With the Margin Calculator, you can accurately calculate the amount of pledge to ensure that the desired position is guaranteed. Using the calculator will help you determine whether you need to reduce the size of the lot when trading or adjust the size of the leverage to avoid excessive loading of the deposit. Select the trading instrument, the size of the lot and the leverage, and the currency of the account, then simply click on the “Calculate” button.
For the Forex, the value of the pledge is calculated as follows:
Required margin = Lot size / Leverage amount * deposit currency rate (if differs from the base currency pair in which the trade is conducted).
Example: Trading 3 lots of EUR / USD, using a leverage of 1: 200 with the account currency in USD.
Lot size: 300,000
Deposit currency rate: 1.13798
The amount of the deposit: 300,000 / 200 * 1.13798 = $ 1706.97
For metals the value of the pledge is calculated as follows:
Required Margin = Lot Size (Oz) / Leverage Size * Market Price
Example: Trading 1 lot (100 Oz) of gold and using the leverage of 1: 200 with the account currency in USD.
Lot size = 100 Oz
Market value = 1235.90
The amount of the pledge: 100/200 * 1235.90 = $ 617.95
Calculation of the cost of the point
For more effective risk management, it is important to know the cost of the point by
each position in the currency of your trading account.
The calculator of the point`s cost will do this for you.

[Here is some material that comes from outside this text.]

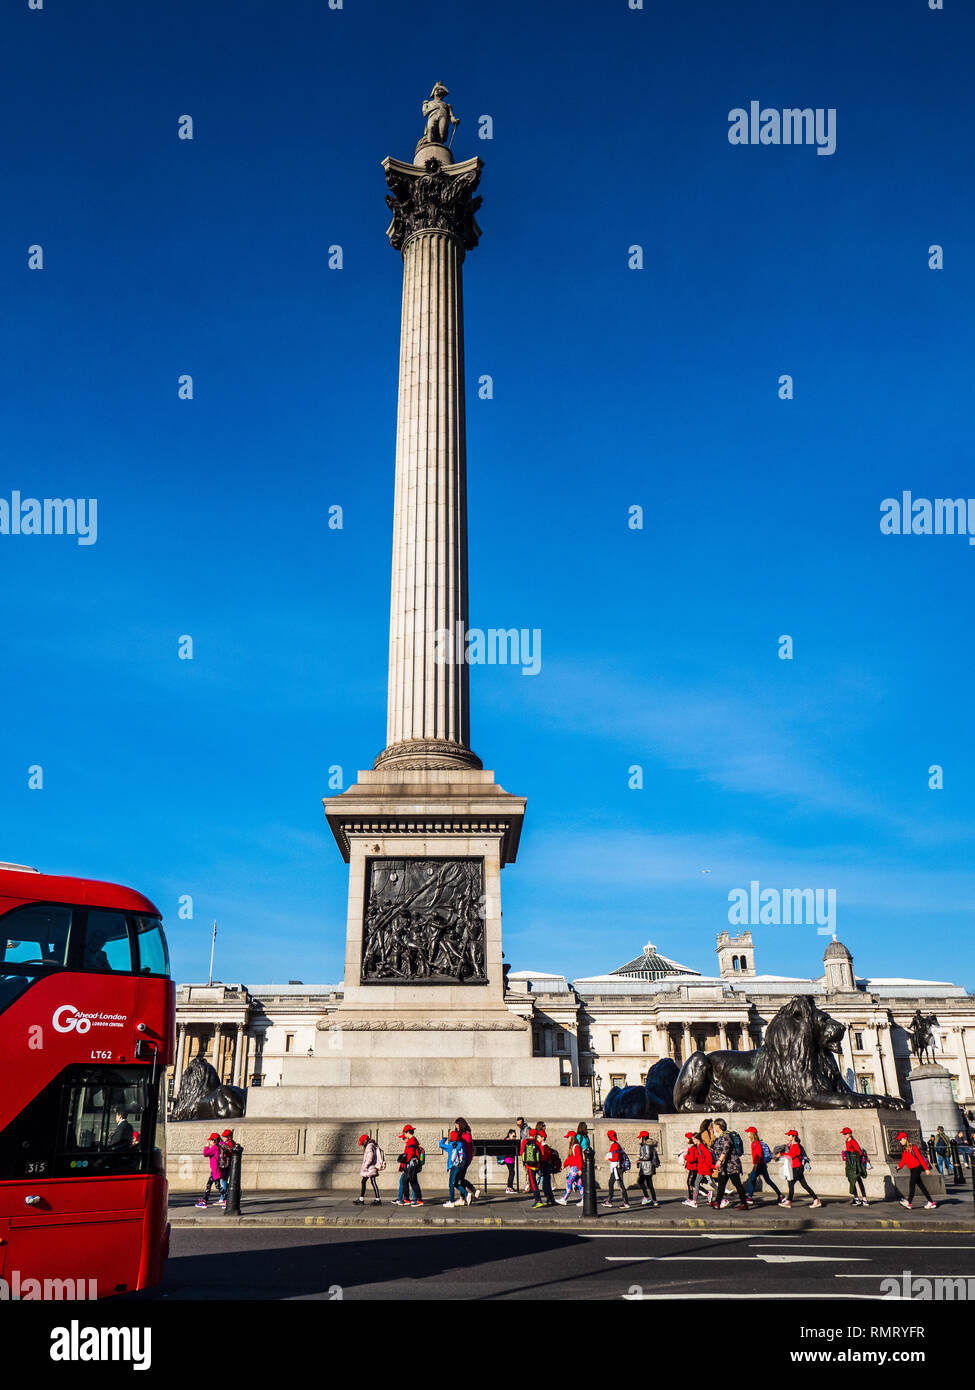 Turismo a Londra - Trafalgar Square di Nelson's colonna con una Londra autobus Routemaster Foto Stock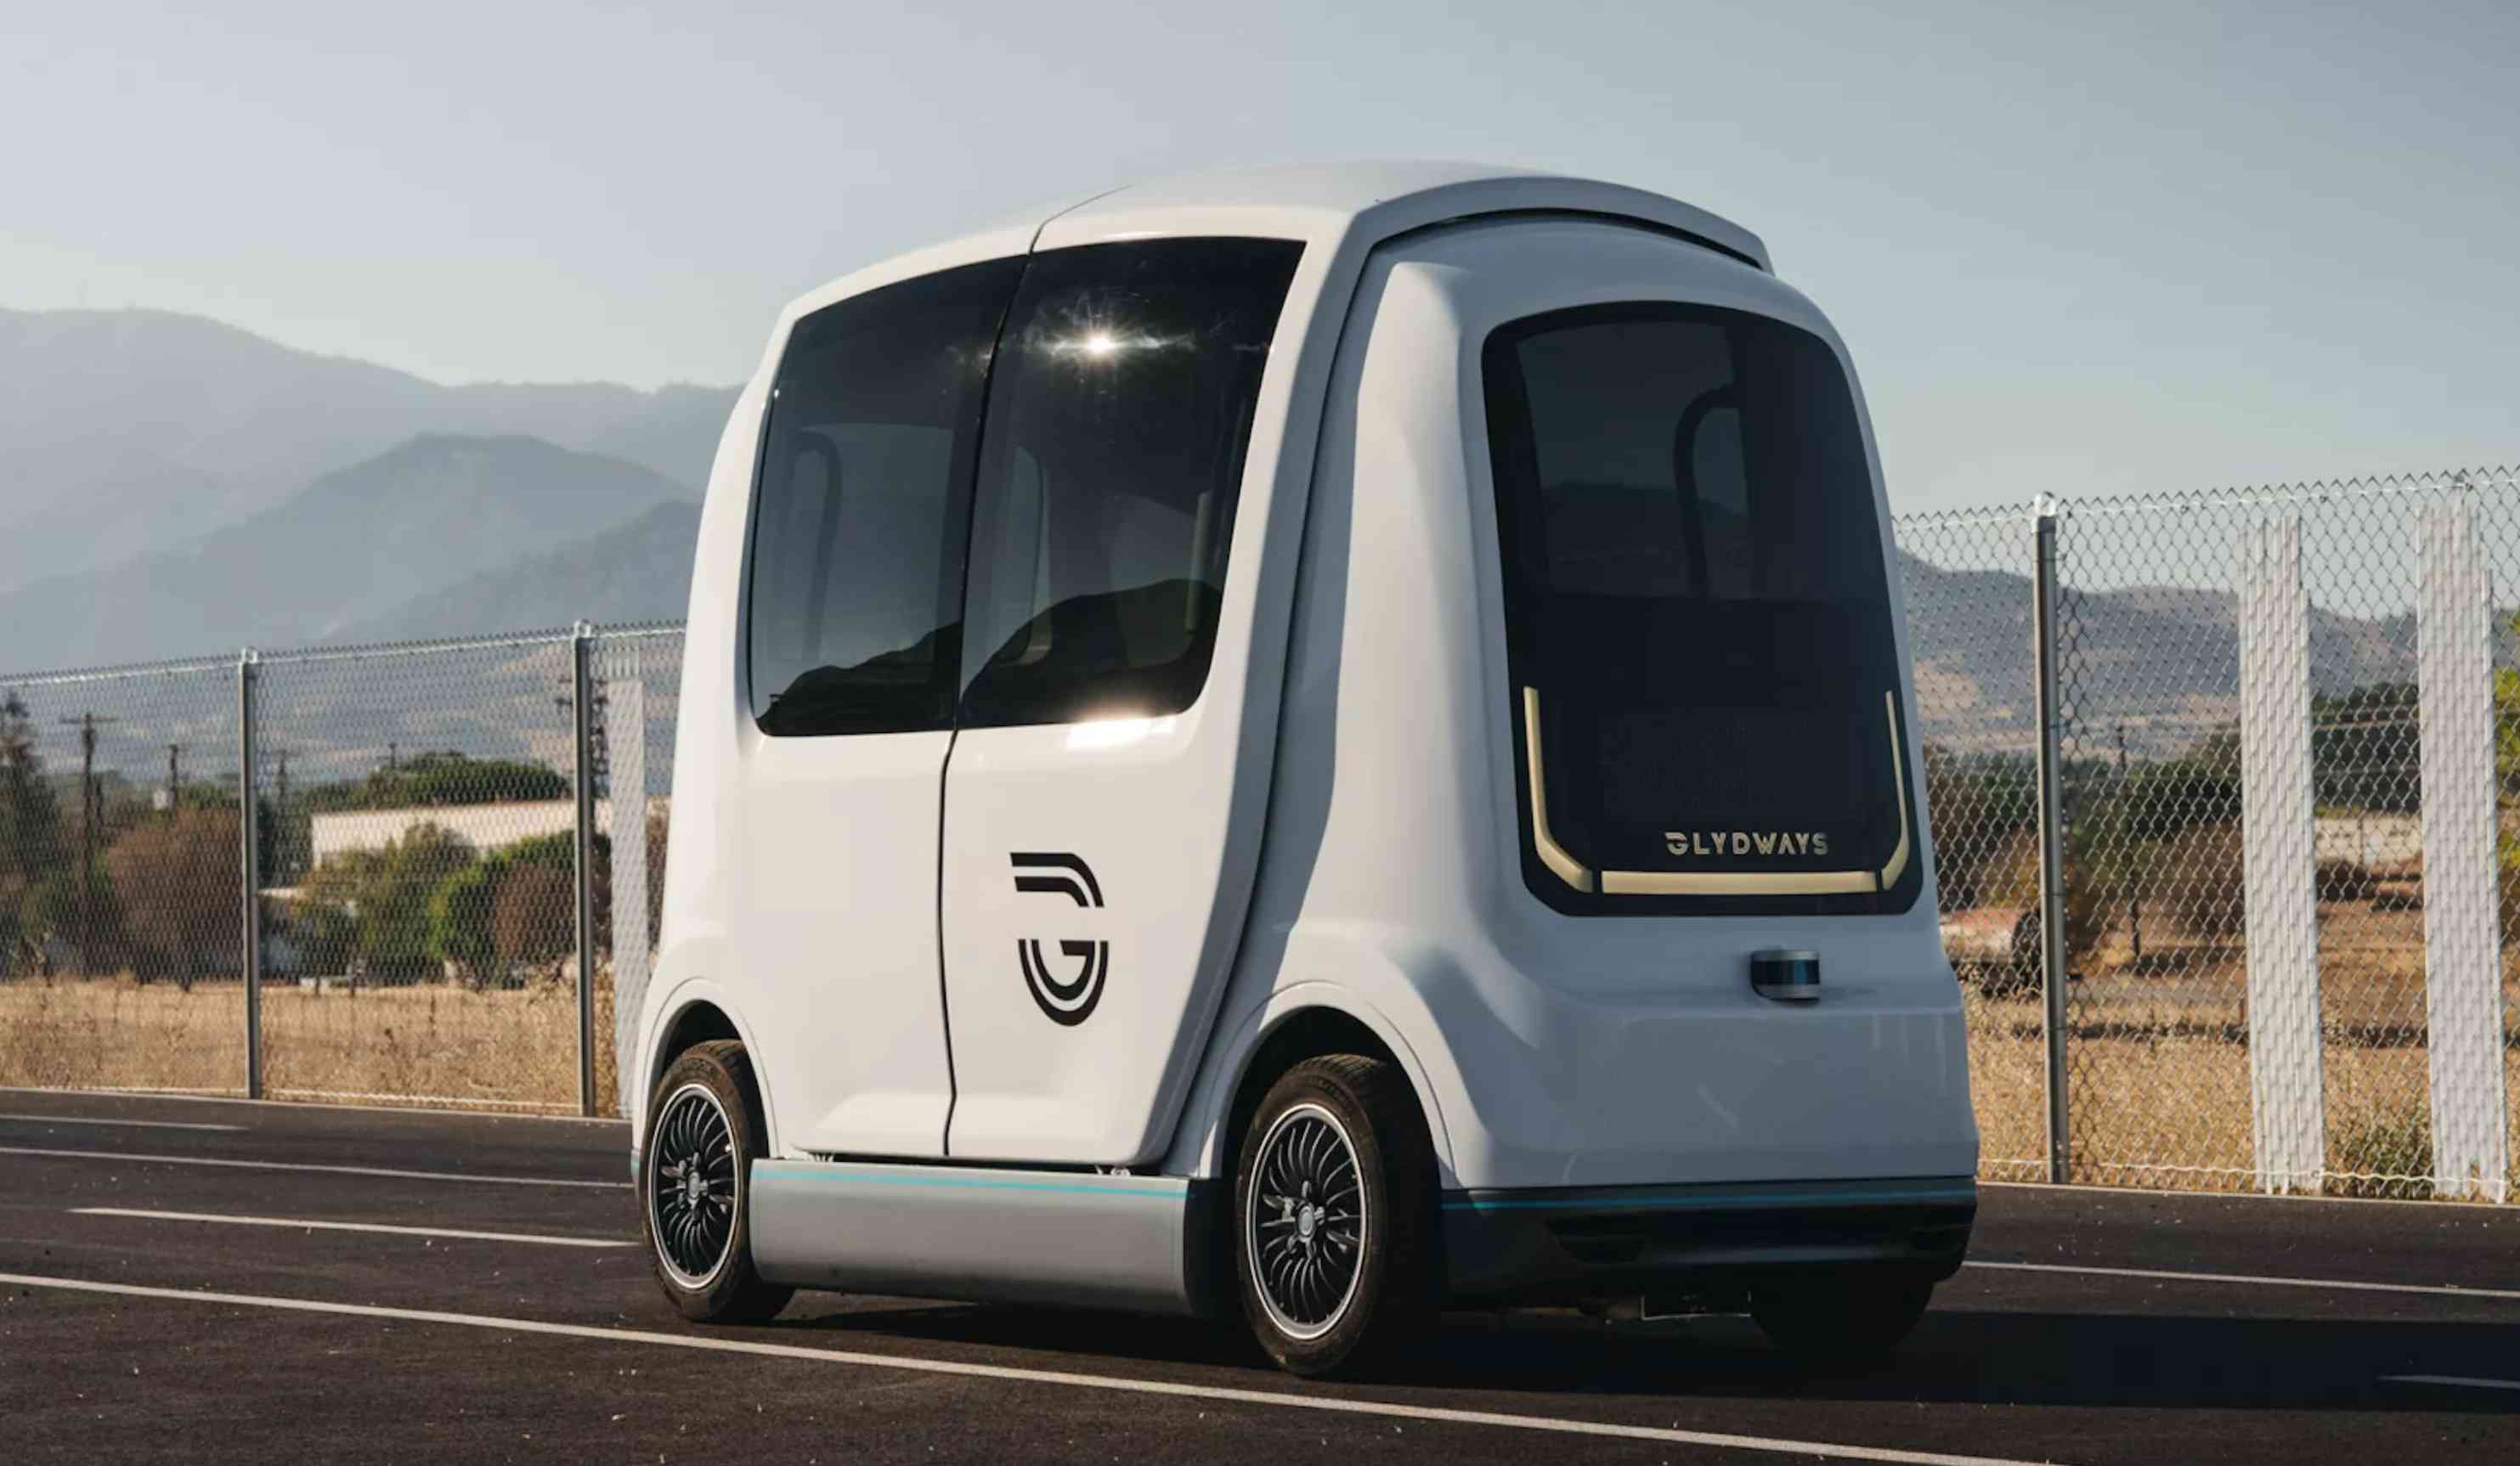 美國第一套膠囊公車自駕系統 預計2028年於San Jose上路

Just specify your trading instrument, size of the transaction and deposit currency. Click the “Calculate” button to determine how much is the price fluctuation point costs.
For Forex, the value of the item is calculated as follows:
Point cost = (One point * Lot size) / Market price
Example: Trading 1 lot of EUR / USD with the account currency in EUR.
One point = 0.0001
Lot size = 100,000
Exchange rate = 1.13798
0.0001 * 100,000 = 10
10 / 1.13798 = 8.78750
The cost of the point is € 8.79
For metals, you can calculate the cost of a tick instead of the cost of the point. The cost of a tick is calculated as follows:
Cost of tick = Tick (0.01) * Volume in Oz
Example: Trading 1 lot (100 Oz) of gold with the account currency in USD.